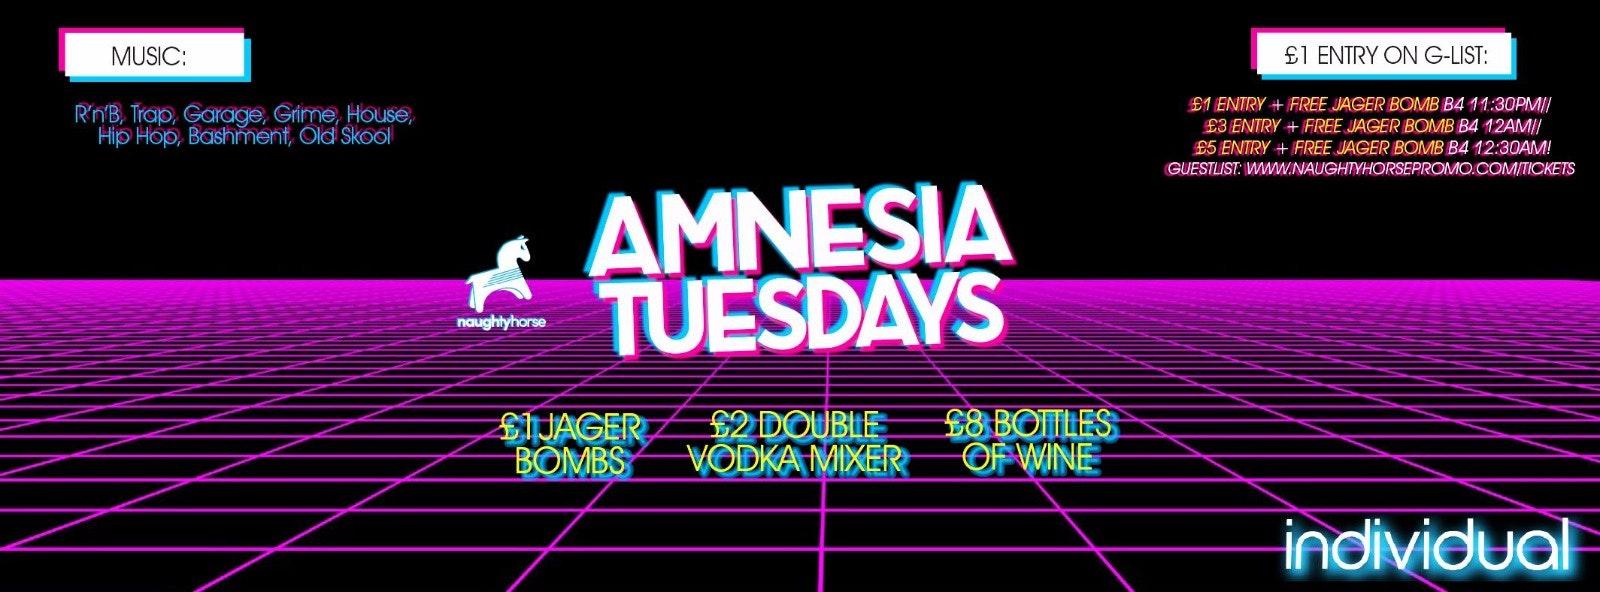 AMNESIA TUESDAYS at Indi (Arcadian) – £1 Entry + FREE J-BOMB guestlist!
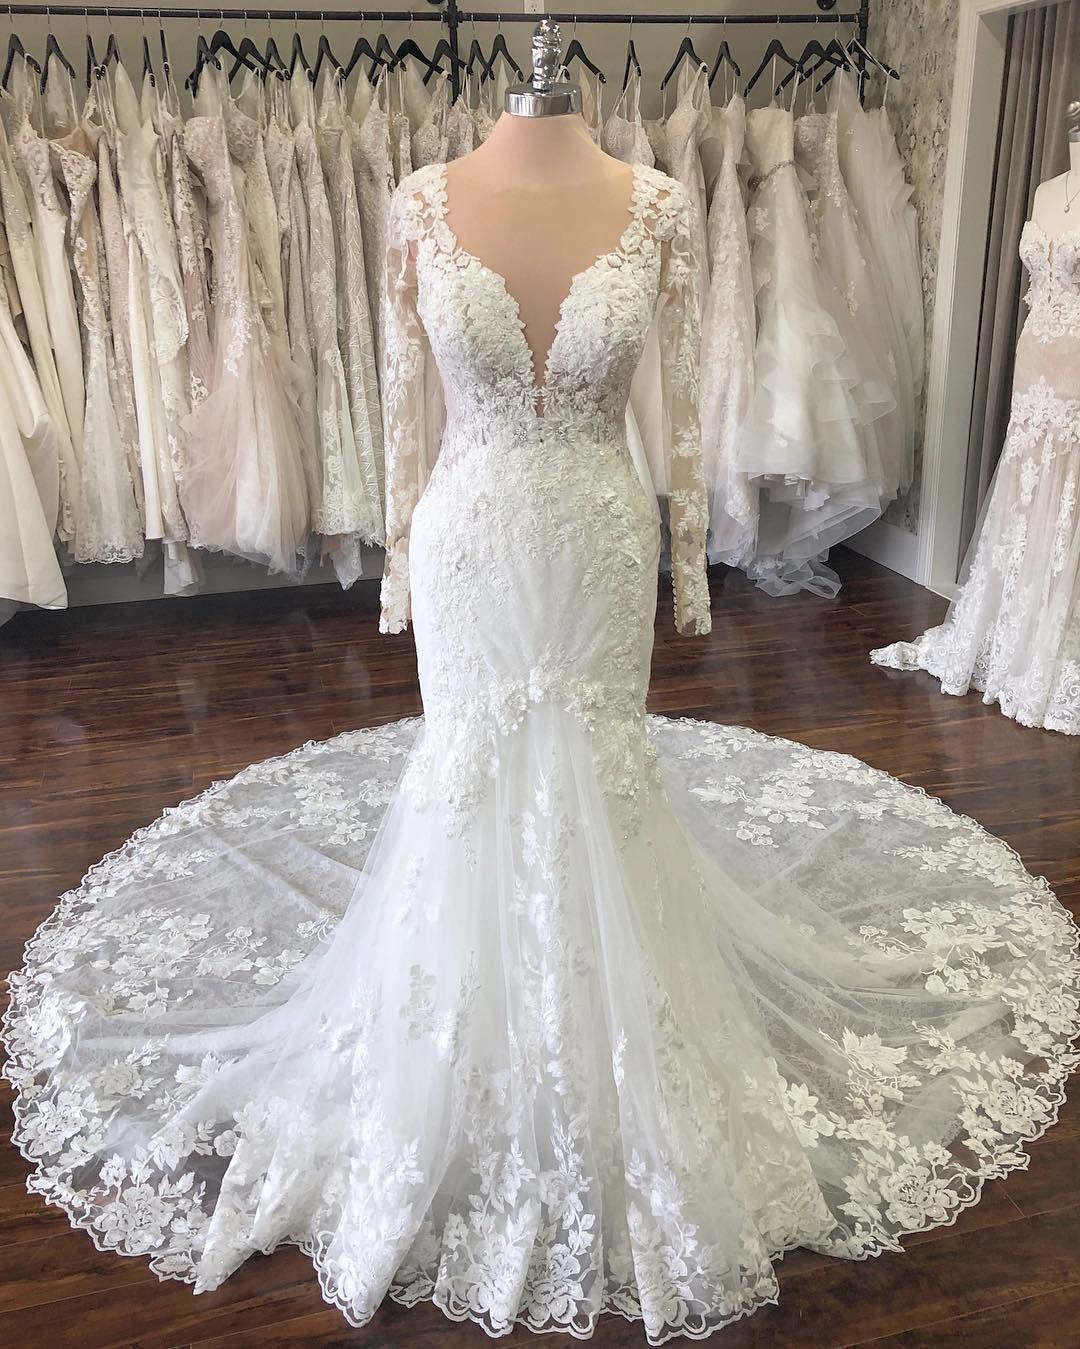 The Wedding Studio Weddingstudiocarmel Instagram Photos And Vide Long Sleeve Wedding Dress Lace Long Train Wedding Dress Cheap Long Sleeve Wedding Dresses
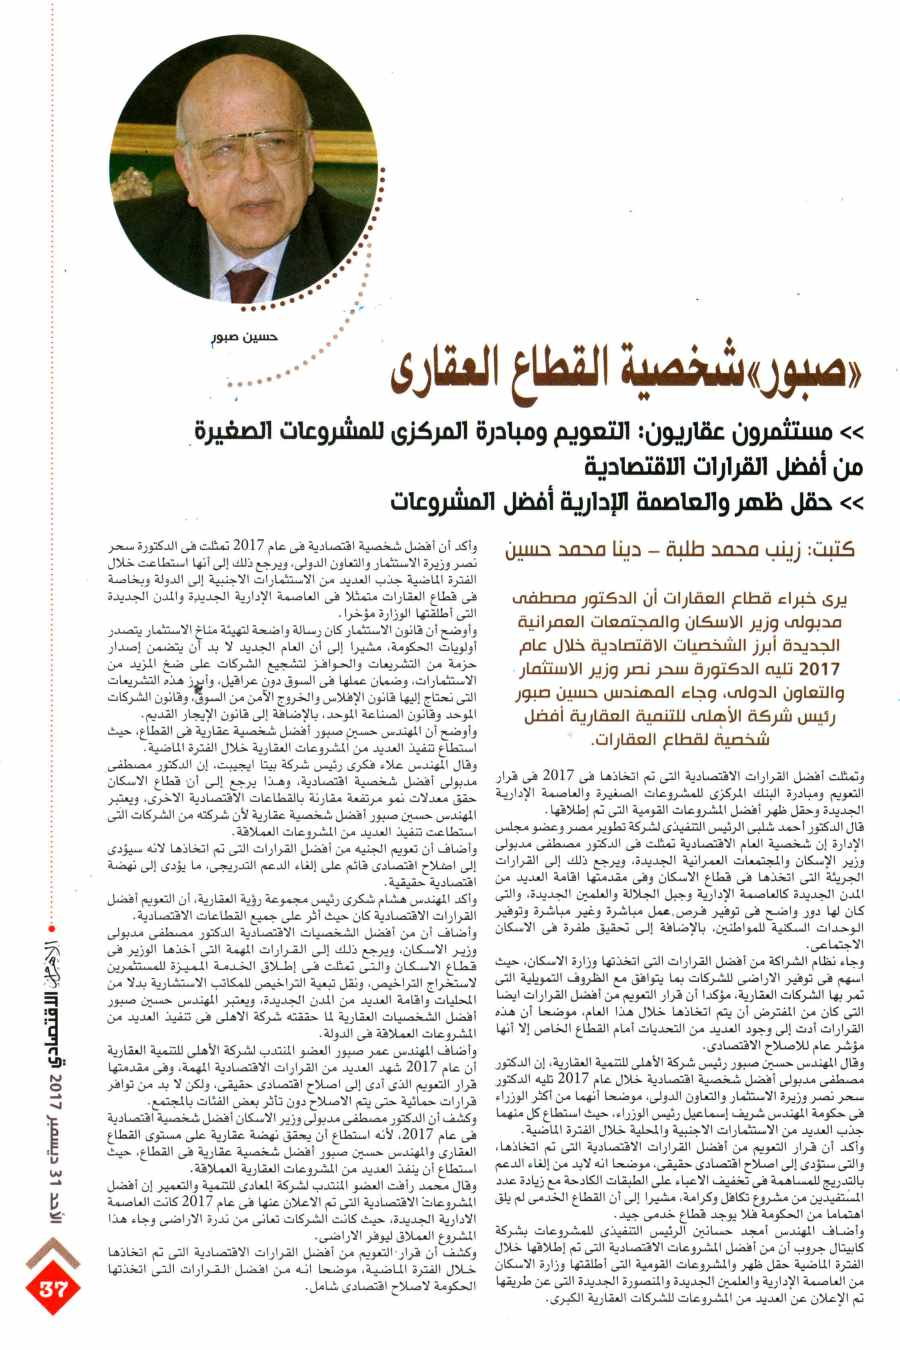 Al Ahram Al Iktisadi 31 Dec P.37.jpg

■ Task item: Only the lines from the one containing "The Wedding Studio" through the end of the data above are to be output, exactly and without pictures.

■ Answer to this problem:
 The Wedding Studio Weddingstudiocarmel Instagram Photos And Vide Long Sleeve Wedding Dress Lace Long Train Wedding Dress Cheap Long Sleeve Wedding Dresses
 Al Ahram Al Iktisadi 31 Dec P.37.jpg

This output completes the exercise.